В те дни в редакции McCall’s проводили кучу безумных собраний. «Внезапно все стали искать в единении духовный смысл, ожидая, что мы создадим некое загадочное религиозное движение, основываясь на той жизни, которую люди вели последние пять лет, – а люди просто уползли по домам, развернувшись к миру спиной. И эту жизнь можно было показать только как уродливую серость, – вспоминает бывший редактор журнала. – Все и всегда в конечном счете сводилось к следующему: как славно, славно, славно, папочка в саду нам жарит барбекю. Мода, еда, даже духи – мы везде пихали мужчин».
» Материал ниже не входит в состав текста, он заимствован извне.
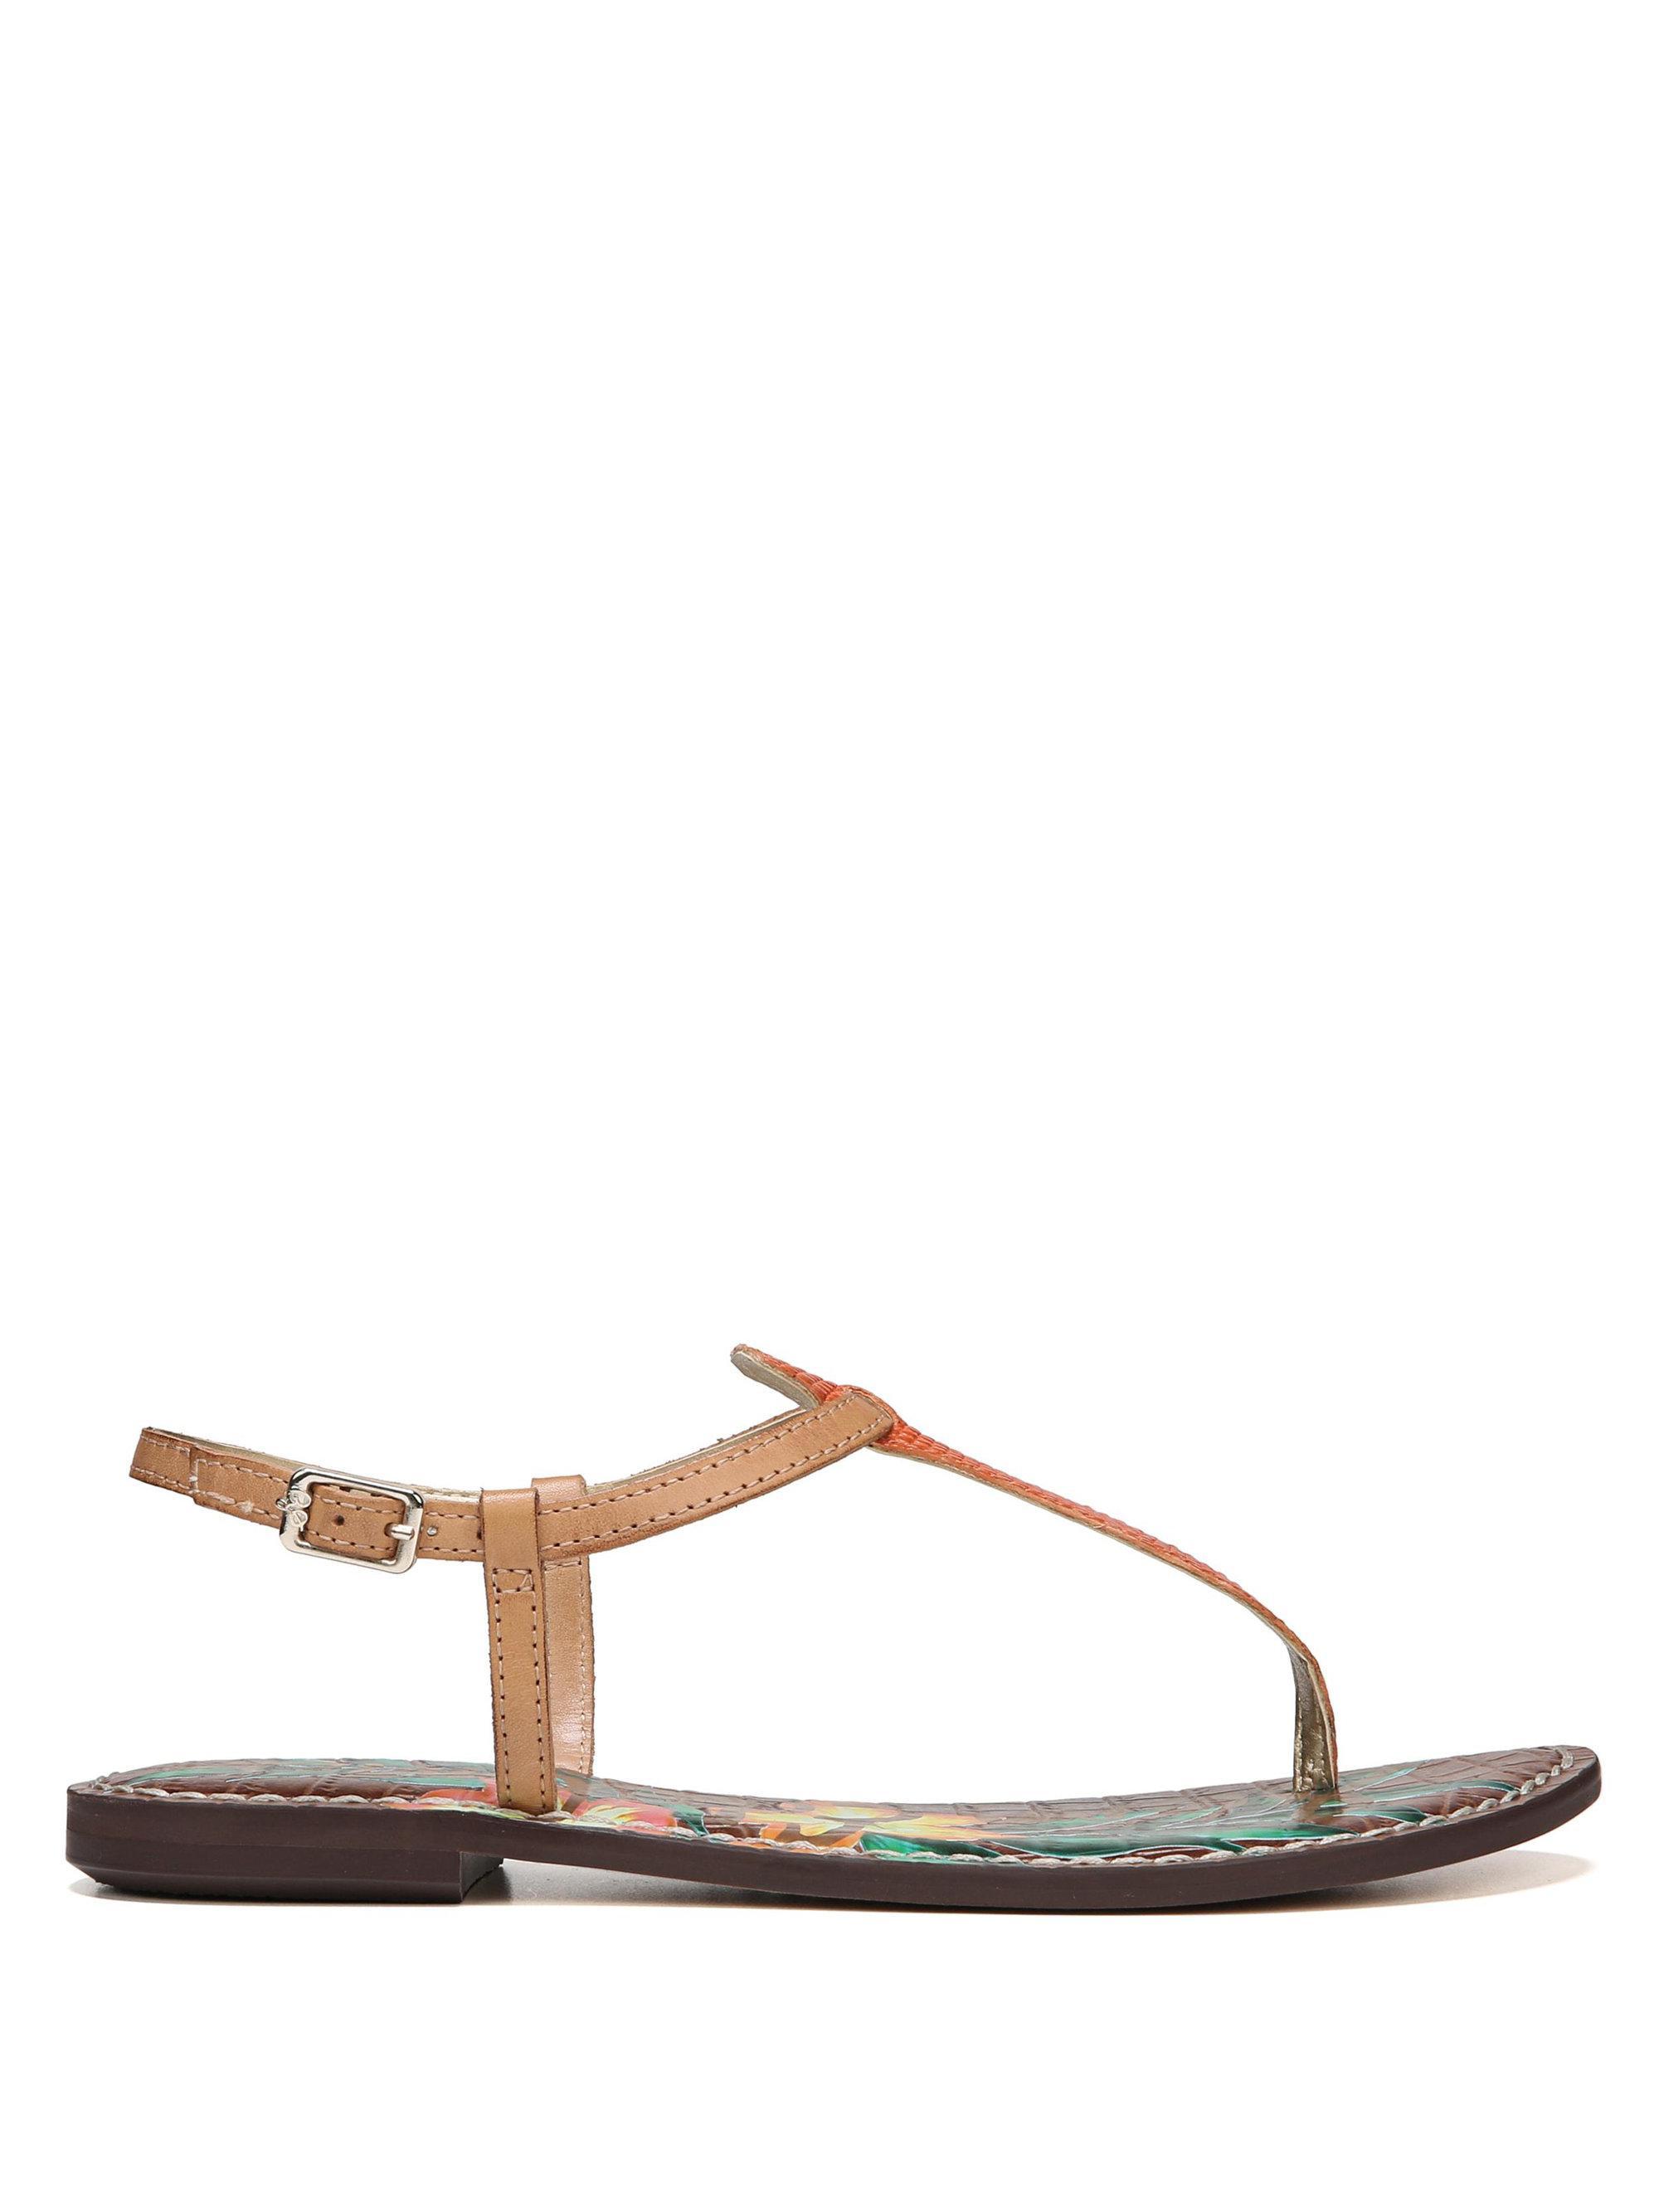 Sam Edelman Gigi Lizard Print Floral Leather Thong Sandals

«Были статьи, написанные психиатрами, которые мы не могли напечатать, потому что они раздули бы проблему по полной: ведь эти пары всем своим весом опираются на своих детей. А что еще делать с единением, кроме как заботиться о детях? Мы были благодарны до слез, когда находили фото отца с матерью в ином, новом ракурсе. Иногда нам становилось любопытно, что будет с женщинами, если мужчины возьмут на себя оформление дома, уход за детьми, готовку и все то, что раньше было только женской прерогативой. Но показать, как женщины покидают домашний очаг и строят карьеру, мы не могли. Ирония в том, что мы хотели начать работать и для мужчин, и для женщин, вместе. Мы хотели работать для людей, а не только для женщин».

Но можно ли считать женщин людьми, учитывая запрет на равенство с мужчинами? Их в конце концов настолько затягивает образ пассивной зависимости (поскольку независимость запрещена), что они хотят, чтобы мужчины принимали решения даже дома. Дикая иллюзия того, что единение может разбавить духовным содержанием серость домашней рутины, потребность, чтобы религиозное движение восполнило недостаток самосознания, выдает масштабы женской потери и пустоту нового образа. Может ли мужская помощь по дому компенсировать женщинам потерю целого мира? Может ли совместная возня с пылесосом в гостиной подарить домохозяйке новую цель в жизни?

В 1956 году, на пике идеи «единения», скучающие редакторы в McCall’s напечатали скромную статью под названием «Сбежавшая мать». К их изумлению, именно эта статья (из всех статей, опубликованных ранее) привлекла наибольшее внимание читательской аудитории. «Это был момент истины, – сказал бывший редактор. – До нас вдруг дошло, что все те женщины, что сидели дома, воспитывая своих трех детей, были ужасно несчастны».

Но к этому моменту уже закрепился новый образ американской женщины – «Род занятий: домохозяйка», он превратился в некую загадку, неоспоримую и не допускающую вопросов, формируя ту самую реальность, которую сам и искажал.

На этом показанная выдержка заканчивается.